In spring 1784, she was contacted by Nicholas de la Motte, husband of Jeanne de Valois-Saint-Rémy. She was hired by them to pose as queen Marie Antoinette in a late-night meeting with a man in the garden of Versailles. During the meeting, she was to deliver a few words, a rose, and a letter. The meeting was a crucial part of the fraud Affair of the Diamond Necklace: the man was Cardinal de Rohan, and the intent was to convince him that the queen was indeed involved in the affair.
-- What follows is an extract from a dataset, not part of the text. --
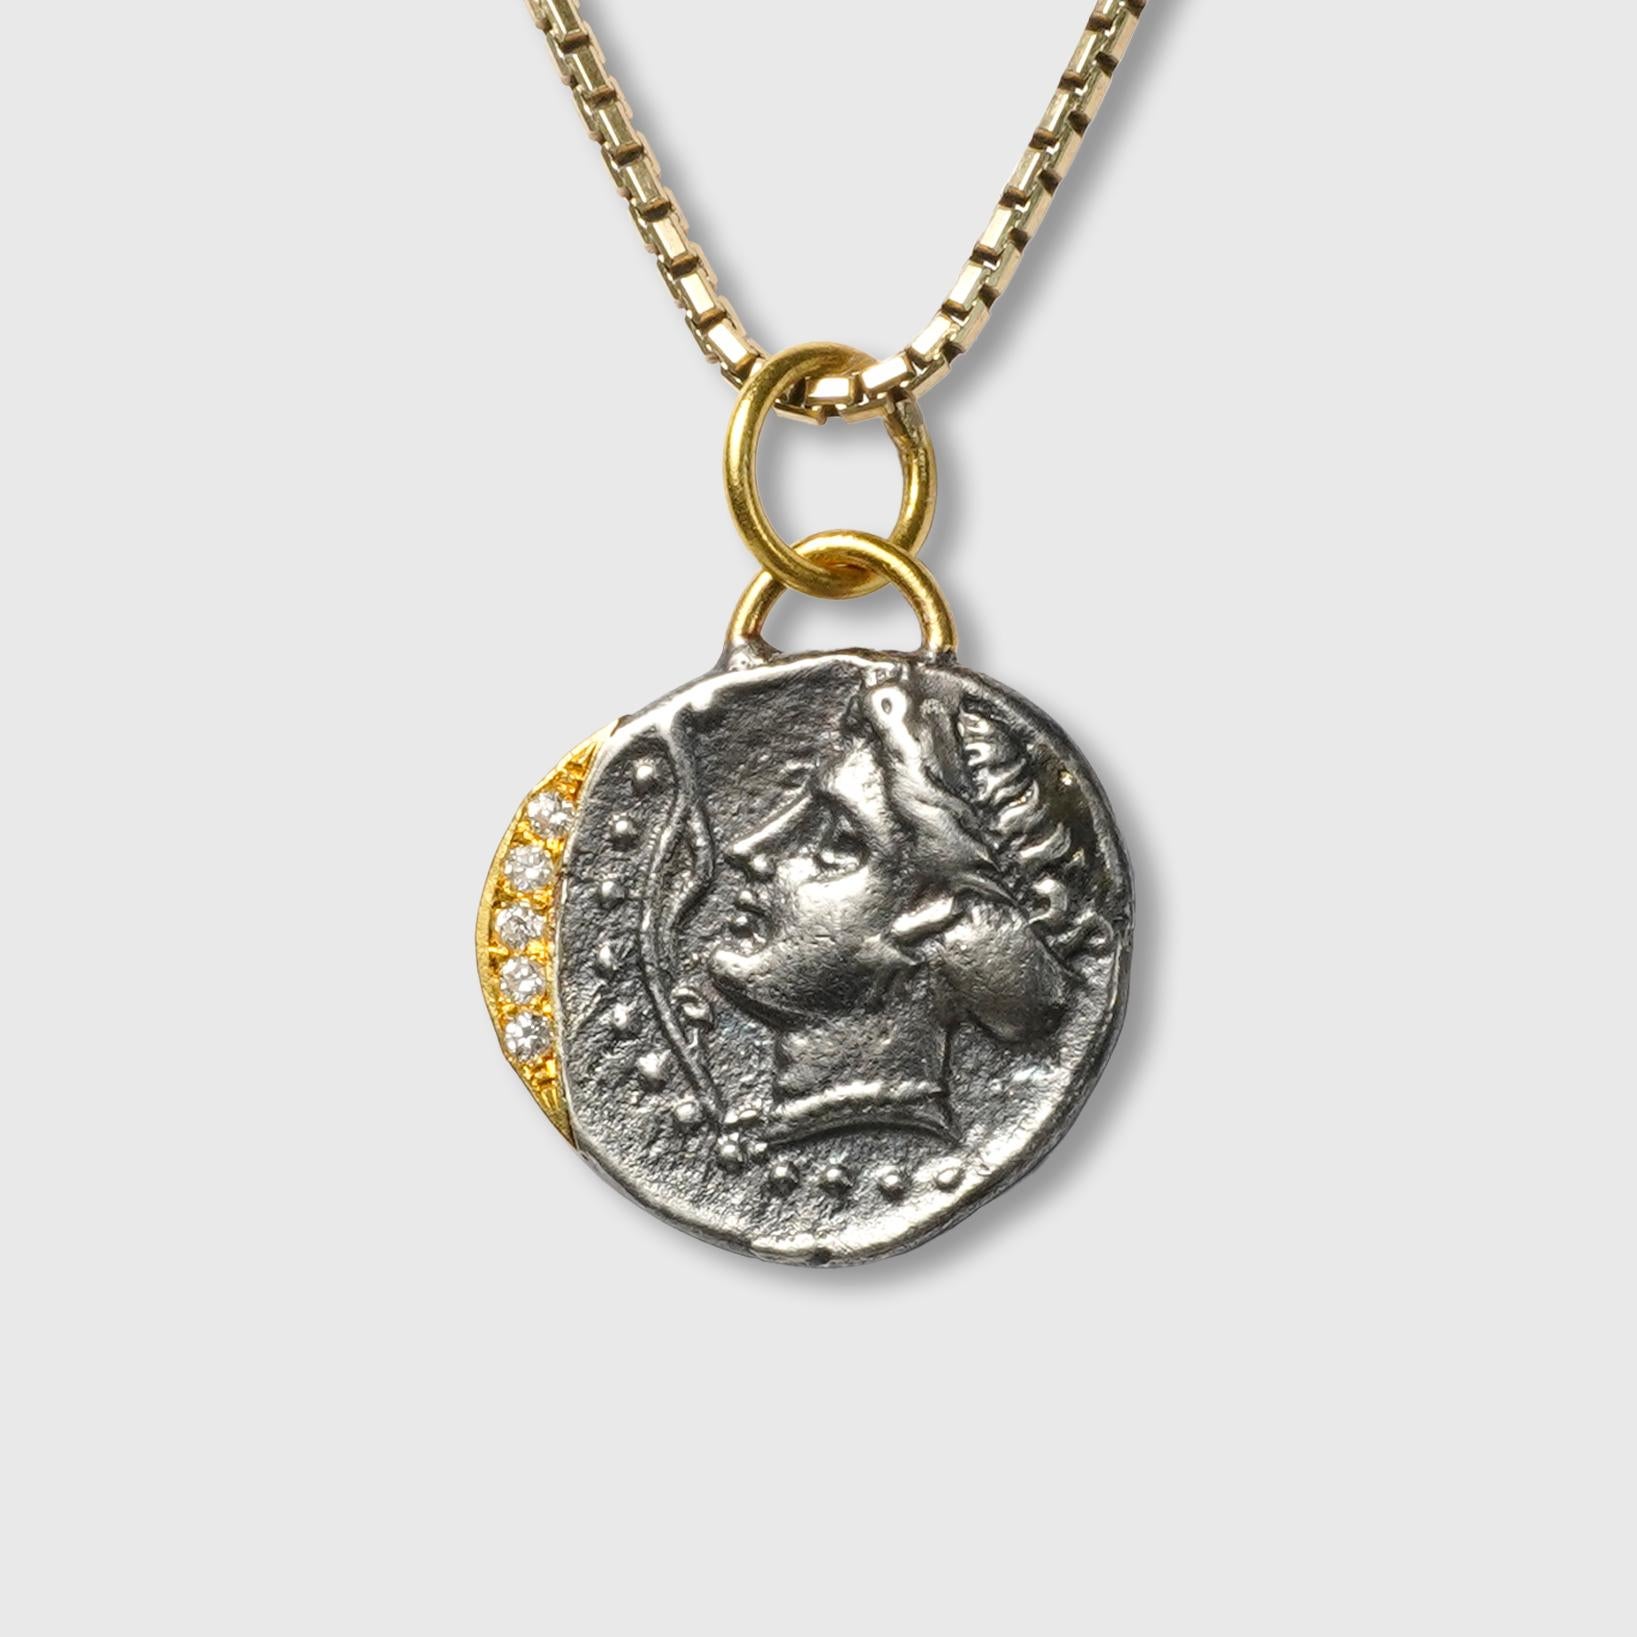 Round Cut Ancient Sinope Water Nymph Coin Replica Charm Pendant, 24K Gold Silver Diamonds For Sale

She had been chosen to perform the part because of her likeness to the queen, and was to be dressed in a white dress similar to that of the queen.

In summer 1785, the fraud was exposed in Paris. On 16 October 1785, Nicole d'Oliva was arrested in Brussels in the company of a man named Toussaint de Beausire. She was transferred to the Bastille, where she gave birth to a child. All of the accomplices were put on trial.

Nicole d'Oliva stated in her trial that she had not been aware of the fraud. She had participated in the famous meeting, but she was not aware of the purpose of it. As far as she knew, she had simply been hired to play an acting role. The court believed Nicole d'Oliva's statement, and she was the only person involved in the fraud who was freed in court besides Cardinal de Rohan.

After the trial, she had an affair with her defense lawyer. She died four years after the trial at age 28, as a guest in the Fontenay-sous-Bois convent.

==Memoirs==
d'Oliva published her own memoirs after the trial: Mémoire pour la demoiselle le Guay d'Oliva, fille mineure, émancipée d'âge, accusée, contre M. le Procurer-général.